» Data to process
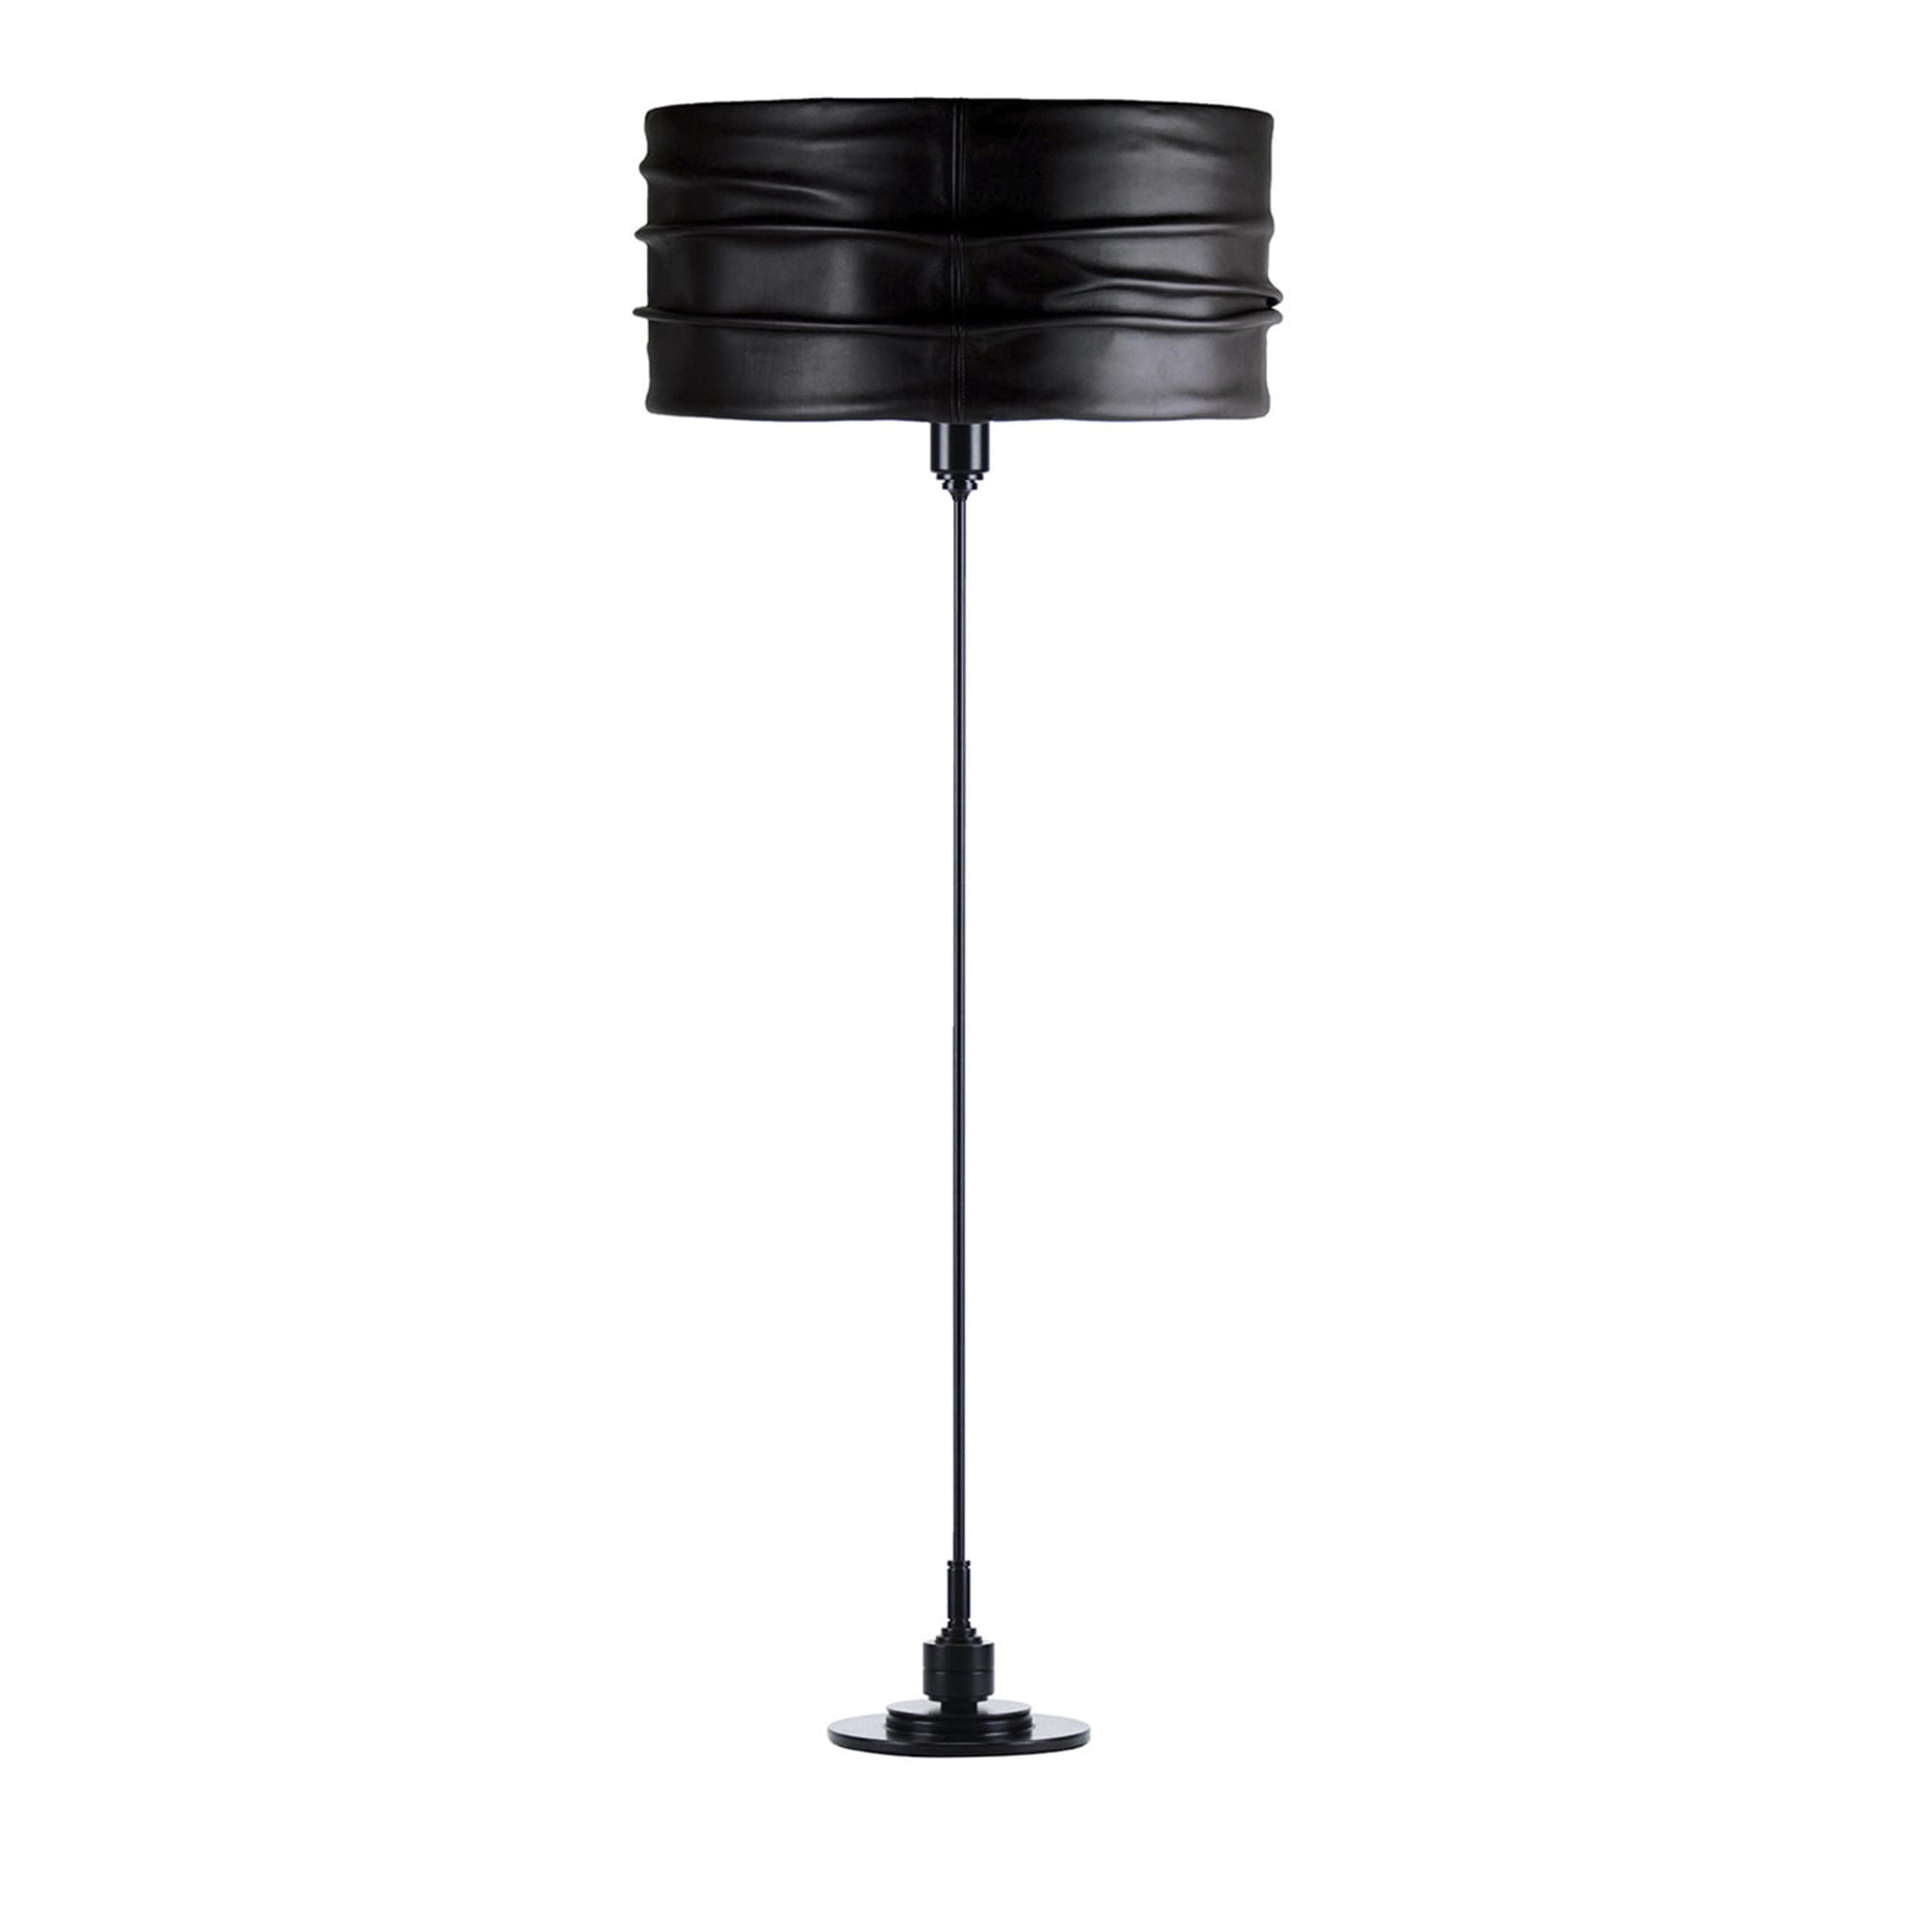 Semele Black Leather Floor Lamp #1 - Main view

* * *

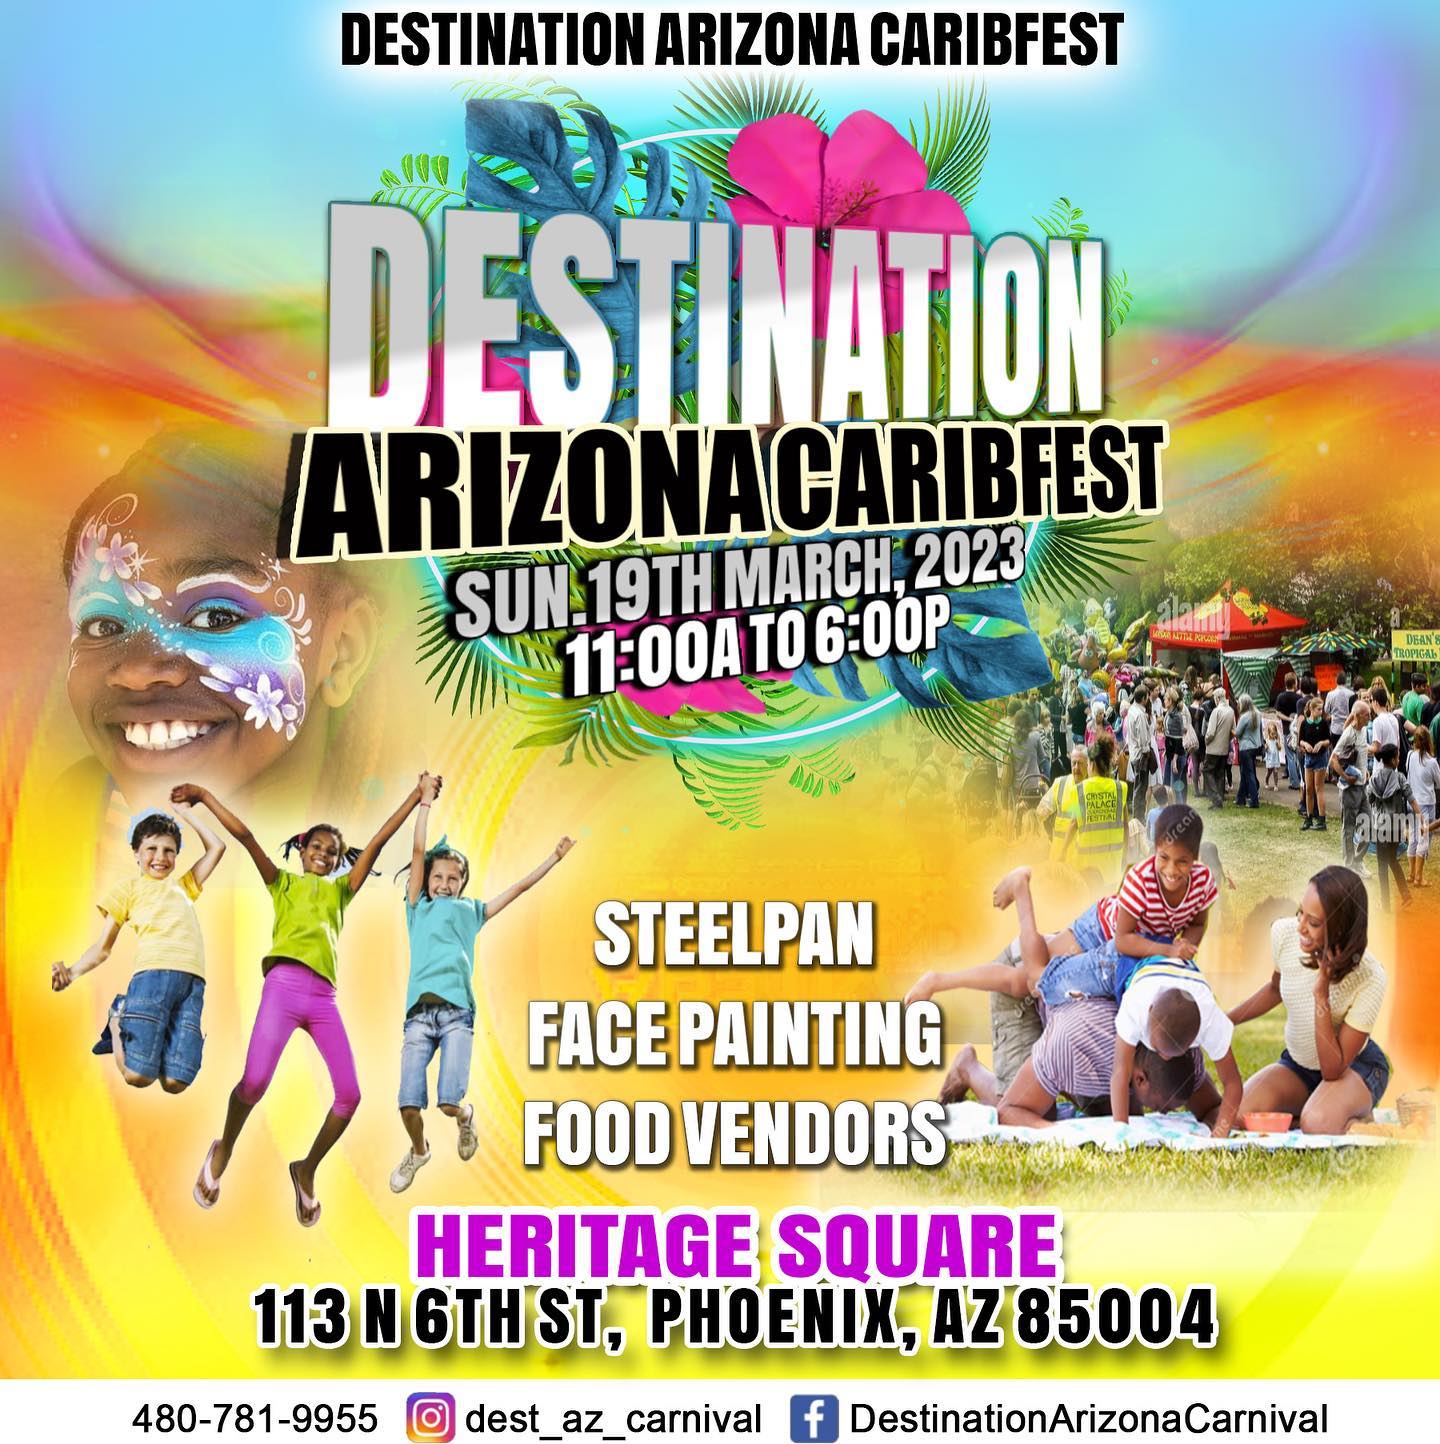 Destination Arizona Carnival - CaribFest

* * *

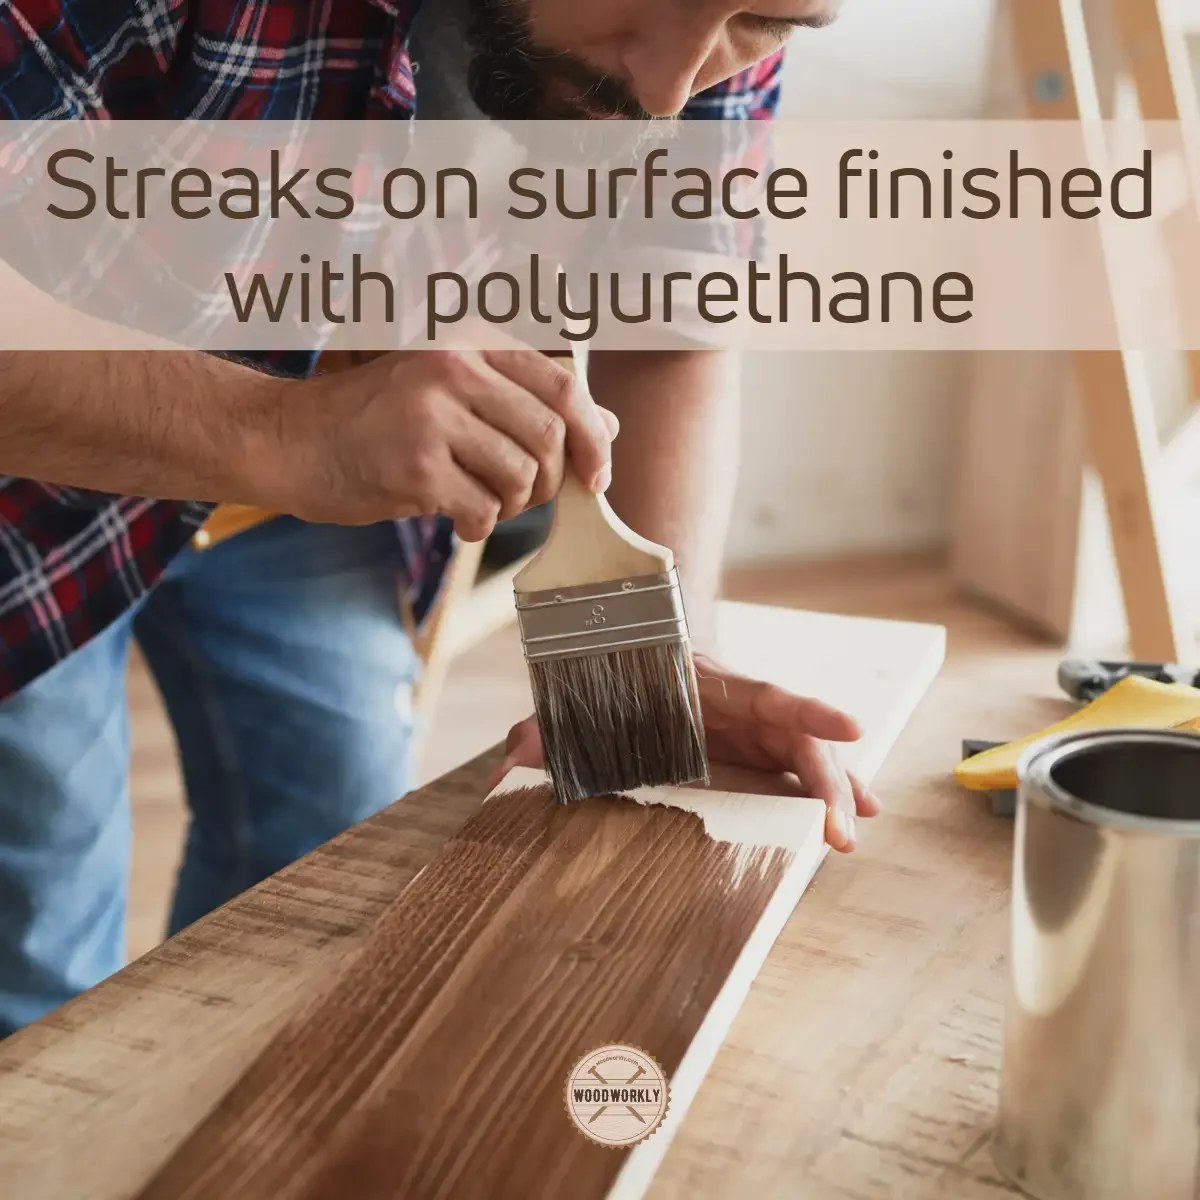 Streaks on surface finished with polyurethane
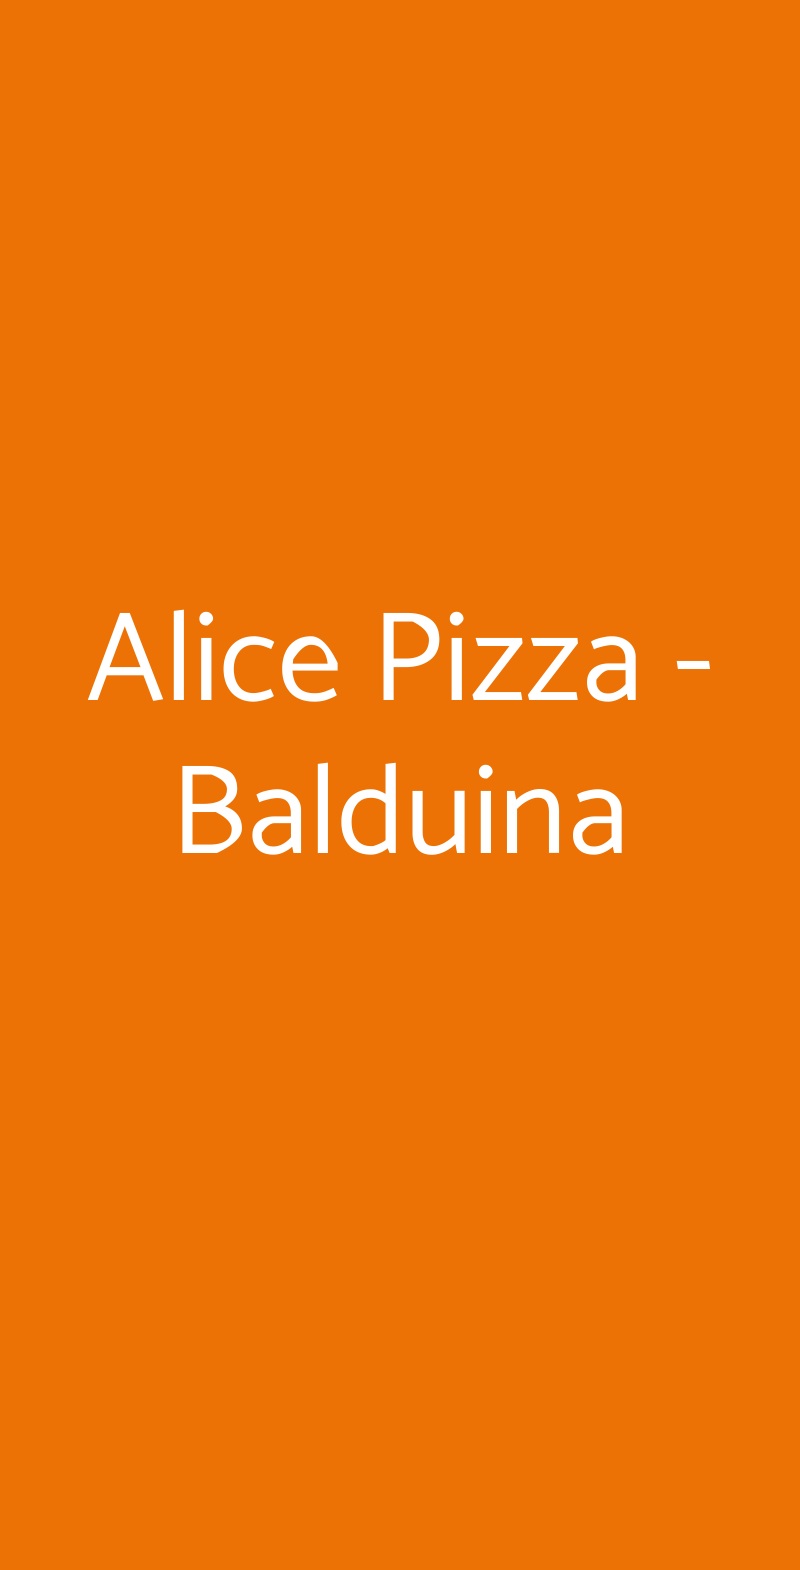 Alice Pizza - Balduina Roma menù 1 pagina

» What is expected
In the data above, start at the line holding "Streaks on surface" and stop after the line holding "Alice Pizza - Balduina Roma menù 1 pagina"; write out those lines exactly, without pictures.

» Result of the task
 Streaks on surface finished with polyurethane
 Alice Pizza - Balduina Roma menù 1 pagina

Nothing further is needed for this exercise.